HabitAction: A Video Dataset for Human Habitual Behavior Recognition
- URL: http://arxiv.org/abs/2408.13463v1
- Date: Sat, 24 Aug 2024 04:40:31 GMT
- Title: HabitAction: A Video Dataset for Human Habitual Behavior Recognition
- Authors: Hongwu Li, Zhenliang Zhang, Wei Wang,
- Abstract summary: Human habitual behaviors (HHBs) hold significant importance for analyzing a person's personality, habits, and psychological changes.
In this work, we build a novel video dataset to demonstrate various HHBs.
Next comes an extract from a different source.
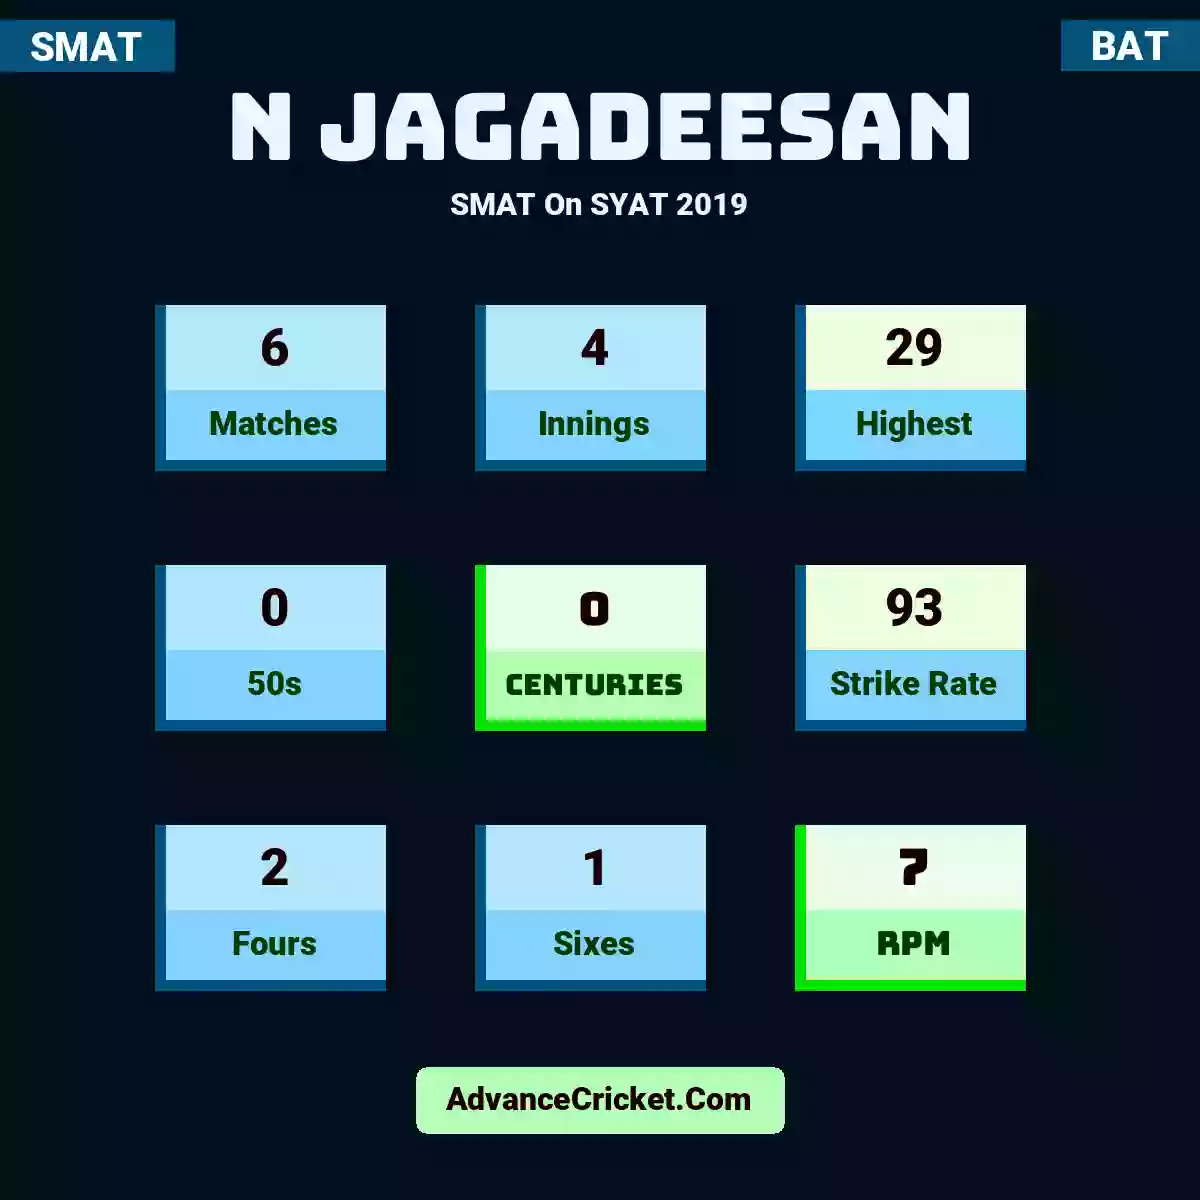 N Jagadeesan SMAT  On SYAT 2019, N Jagadeesan played 6 matches, scored 29 runs as highest, 0 half-centuries, and 0 centuries, with a strike rate of 93. N.Jagadeesan hit 2 fours and 1 sixes, with an RPM of 7.

The dataset contains 30 categories of habitual behaviors including more than 300,000 frames and 6,899 action instances.
- Score: 3.7478789114676108
- License: http://arxiv.org/licenses/nonexclusive-distrib/1.0/
- Abstract: Human Action Recognition (HAR) is a very crucial task in computer vision. It helps to carry out a series of downstream tasks, like understanding human behaviors. Due to the complexity of human behaviors, many highly valuable behaviors are not yet encompassed within the available datasets for HAR, e.g., human habitual behaviors (HHBs). HHBs hold significant importance for analyzing a person's personality, habits, and psychological changes. To solve these problems, in this work, we build a novel video dataset to demonstrate various HHBs. These behaviors in the proposed dataset are able to reflect internal mental states and specific emotions of the characters, e.g., crossing arms suggests to shield oneself from perceived threats. The dataset contains 30 categories of habitual behaviors including more than 300,000 frames and 6,899 action instances. Since these behaviors usually appear at small local parts of human action videos, it is difficult for existing action recognition methods to handle these local features. Therefore, we also propose a two-stream model using both human skeletons and RGB appearances. Experimental results demonstrate that our proposed method has much better performance in action recognition than the existing methods on the proposed dataset.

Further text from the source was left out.